The scene that follows was also subject to censorship. In certain parts of the country it was cut from the film. As Louis drives his wife home, Rosa leaps from the car and down a steep embankment in a reckless attempt to induce a miscarriage. Whether or not she lost the baby is never revealed. We assume that she did when we’re shown Rosa recuperating in bed at home.

In a single afternoon, things go from bad to worse. A victim of blood poisoning, Rosa becomes feverish and incoherent, rambling on and on to her husband about the things she never had. “You really hate me don’t you?” she slurs, “You finally got the guts to hate me… well congratulations!”

Louis must drive to the next town to get her more medicine. While he’s away, Rosa gets dressed and prepares to leave. “The choo-choo’s gonna carry me away.” Sweaty, disheveled and stumbling around as if she’s drunk, Rosa enlists her maid’s help in putting on her cha-cha heels.

“Chicago, Chicago, that toddling town…” she mumbles as she paints on her make-up and makes her way through town to the train. Onward she trudges, the trains sharp whistle a seductive siren’s song to her feverish brain. Finally, mere steps from the depot, she collapses as the train leaves for Chicago without her.

Louis arrives at the station to find Rosa face down in the dirt where, like the scorpion, she has stung herself to eternal death…or something like that.

In conclusion: Beyond the Forest was an unequivocal flop when it was released. Bette Davis received the worst reviews of her career, something even Davis herself couldn’t argue with.

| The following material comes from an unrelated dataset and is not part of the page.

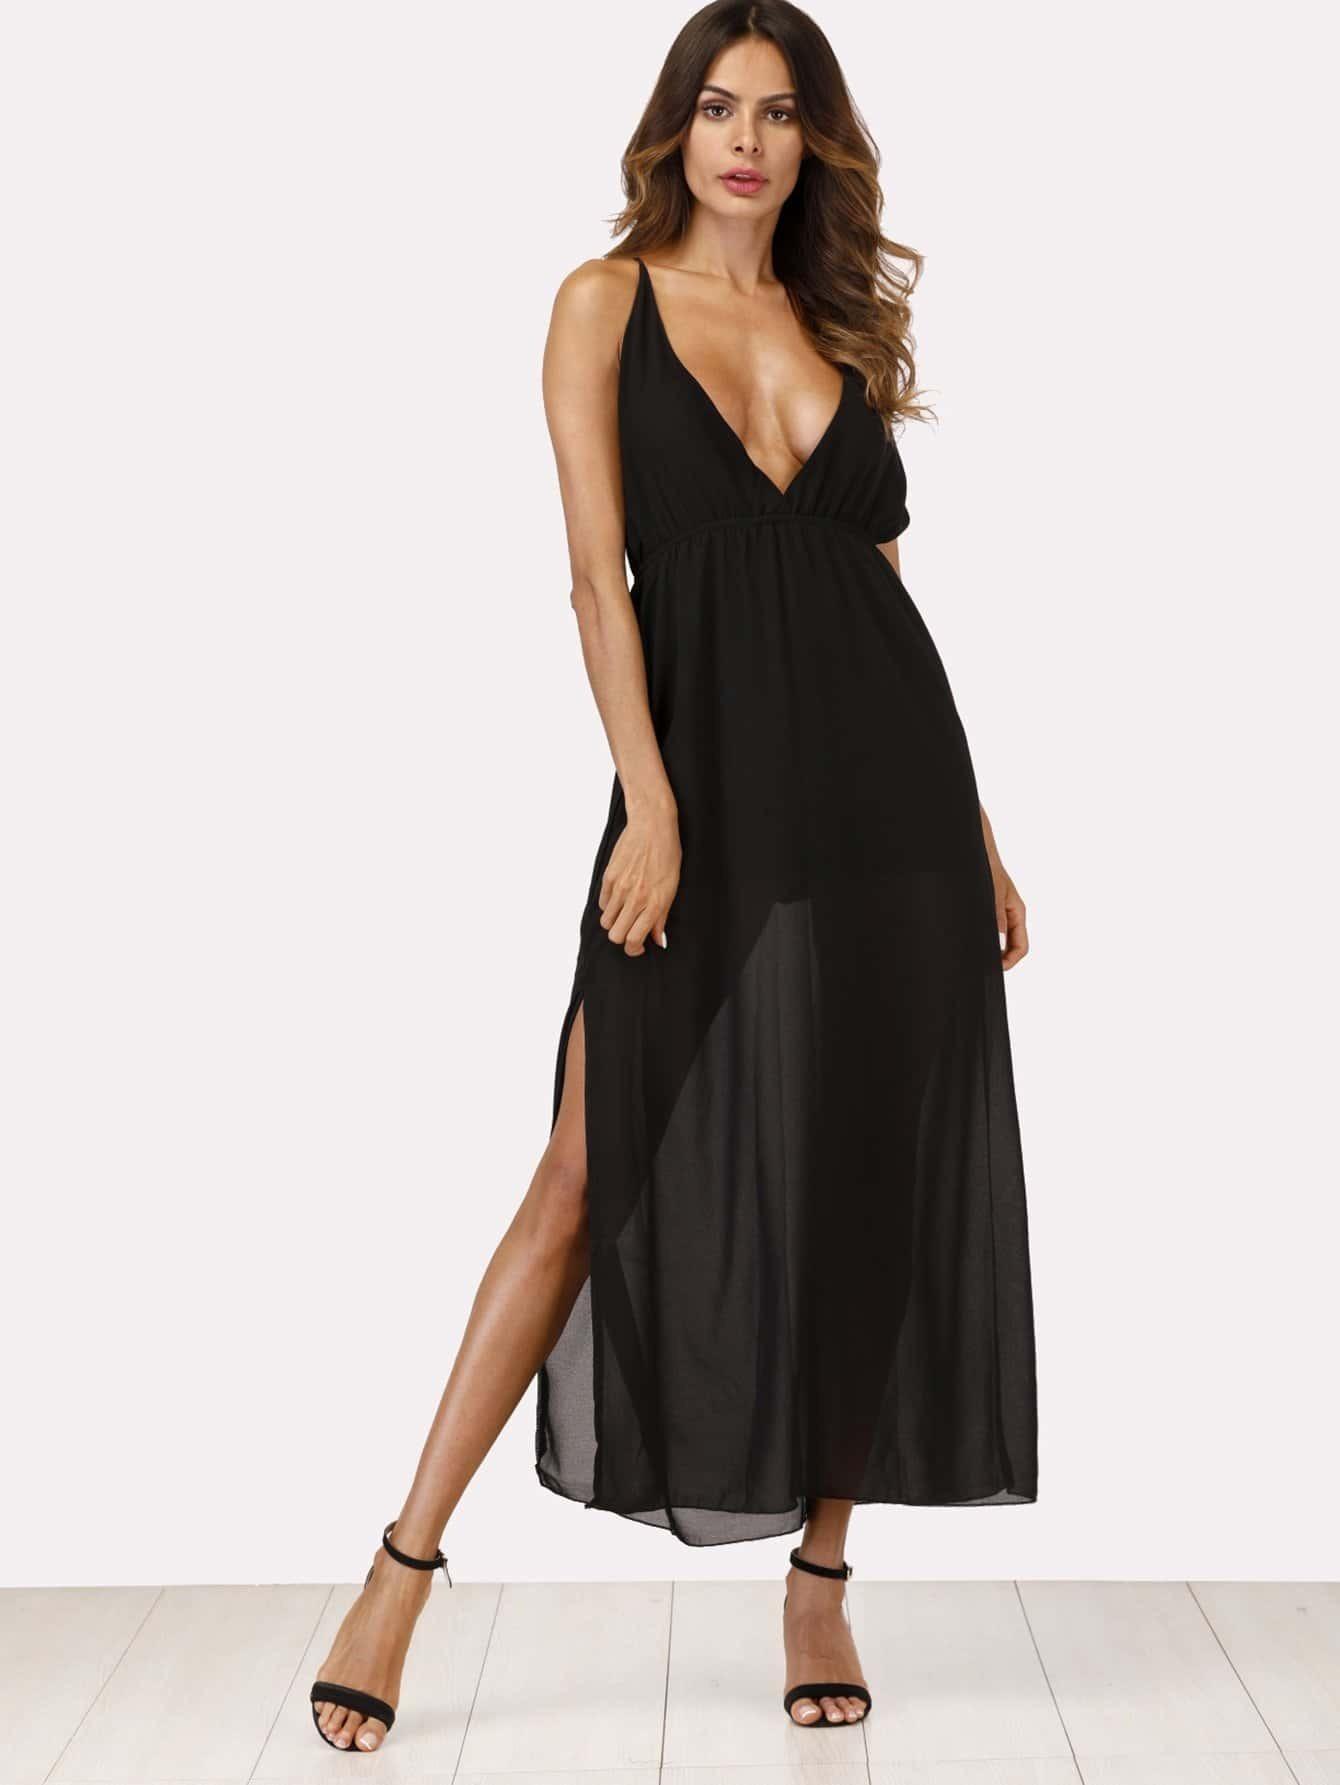 Split Side Criss Cross Back Dress long criss cross open back formal party dress

In the 1974 biography Mother Goddam, Davis says that among the film’s many problems was that, “It was terrible because I was too old for the part.”

Indeed, casting a 40-year-old actress as the most dissatisfied but desirable woman in town was just one on the countless decisions that doomed Beyond the Forest from the moment shooting began. It was the cumulative power of those behind-the-scenes blunders that resulted in a bad movie perfect storm.

Another problem was the casting of amiable Joseph Cotton, “Why should any wife want to get away from him?” Davis questioned. Why indeed? The entire premise of the film depended on the fact that Davis, who looked positively frumpy in her Edith Head costumes, was supposed to be the hottest thing around and desperate to escape to the big city. If a grown woman such as Rosa hated living with a nice small-town doctor, why didn’t she just leave? Upon close examination, nearly all the motivations and plot twists fall apart…they simply don’t make any sense.

Perhaps this is why Davis, in an attempt to overshadow the story’s shortcomings, cranks her performance up to eleven, achieving a level of self-parody that is truly breathtaking. Director King Vidor certainly wasn’t going to ask her to tone it down. To Vidor, subtlety was anathema. Before undertaking this film, he’d proven that no dramatic situation was too over the top with the classics Duel in the Sun (1946) and The Fountainhead (1949).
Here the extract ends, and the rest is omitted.